Актуальность данной проблематики, несомненно, связана как с прикладными, так и с фундаментальными научными проблемами. С одной стороны её вызывает потребность органов власти в научном обосновании принимаемых управленческих решений в области национальной политики, а также развития Арктики, сказывающихся на жизни населения, и это затрагивает, прежде всего, сферу прикладной этнологии. Более широкие теоретические моменты связаны с необходимостью решения фундаментальных вопросов о перспективах развития традиционных форм природопользования коренных малочисленных народов, оптимальных путях развития человечества и прекращения деградации природной среды, а также о подходах к анализу эволюции социумов. Таким образом, прикладная на первый взгляд тема открывает перед нами широкое поле для размышлений.

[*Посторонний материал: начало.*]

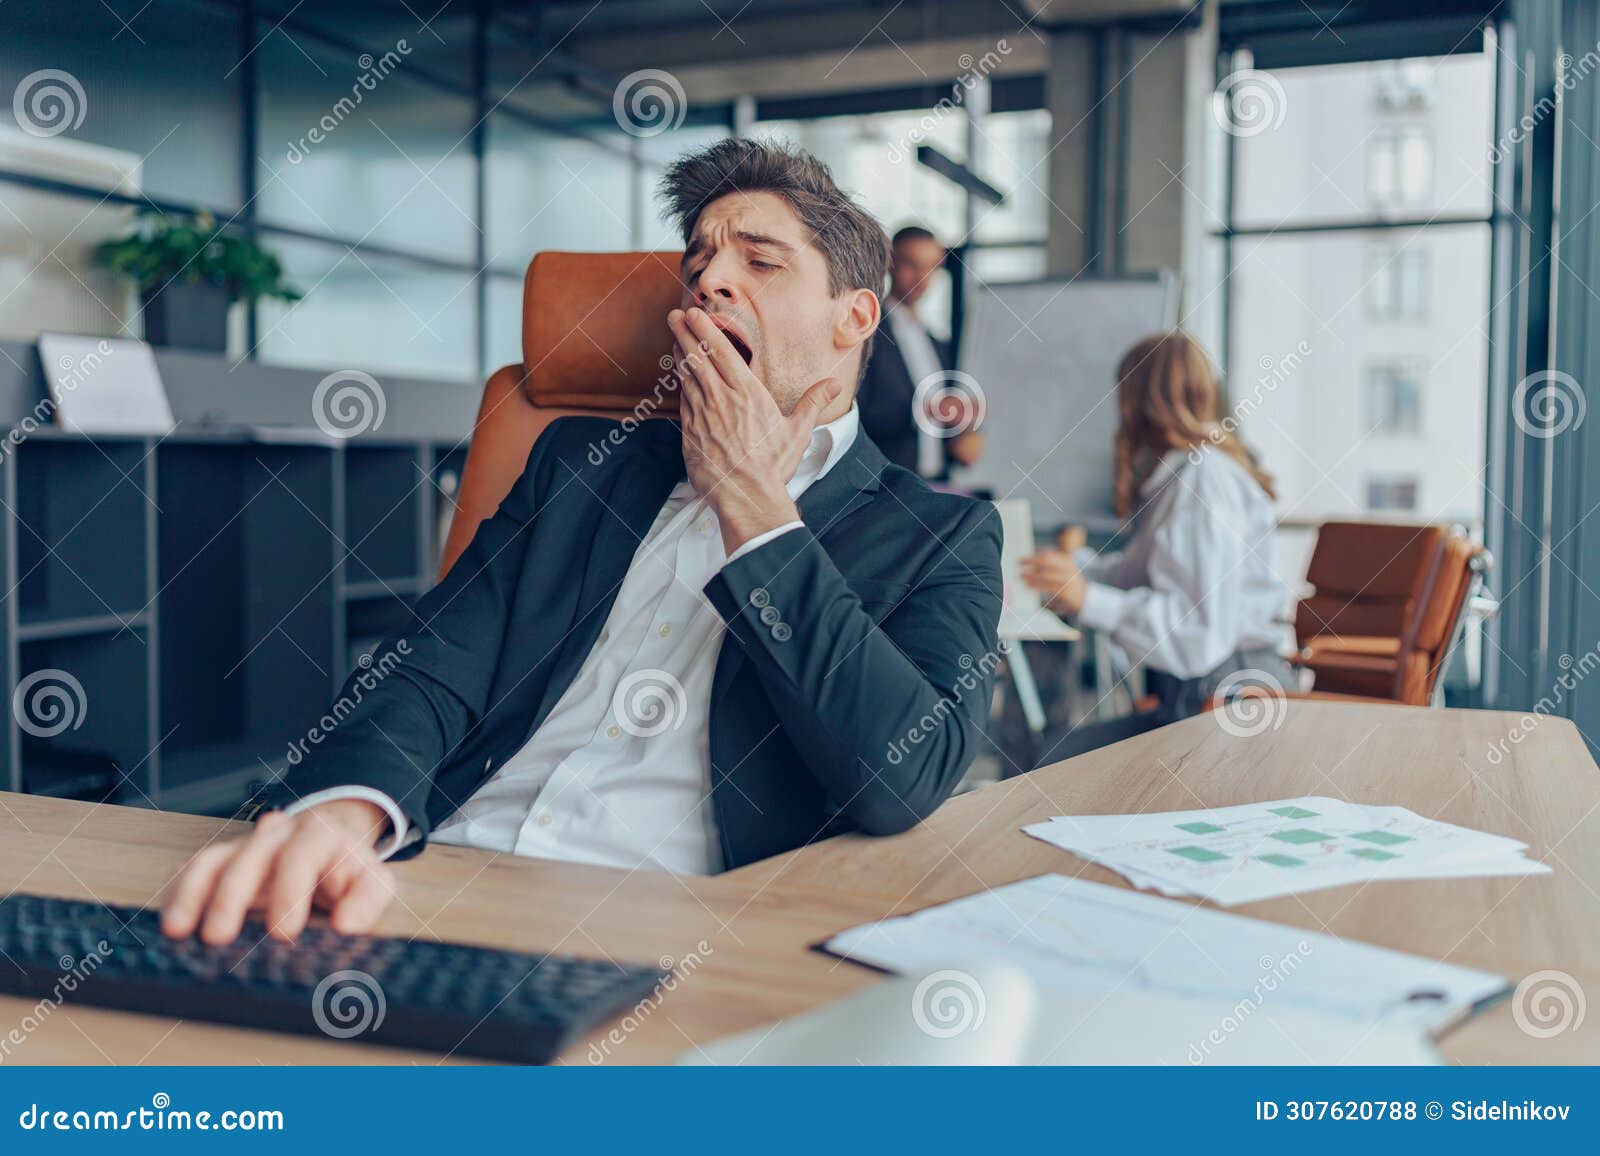 young overtired businessman yawning while working inside modern office with computer

Для того чтобы разобраться в вопросе, мы начали с прояснения современных институциональных рамок понятия традиционное природопользование, прежде всего, с выяснения того, какова позиция государства, отражённая в законодательстве России. Итак, федеральный закон от 7 мая 2001 г. N 49-ФЗ «О территориях традиционного природопользования коренных малочисленных народов Севера, Сибири и Дальнего Востока Российской Федерации» гласит, что традиционное природопользование — это исторически сложившиеся и обеспечивающие неистощительное природопользование способы использования объектов животного и растительного мира, других природных ресурсов коренными малочисленными народами Севера, Сибири и Дальнего Востока Российской Федерации 1.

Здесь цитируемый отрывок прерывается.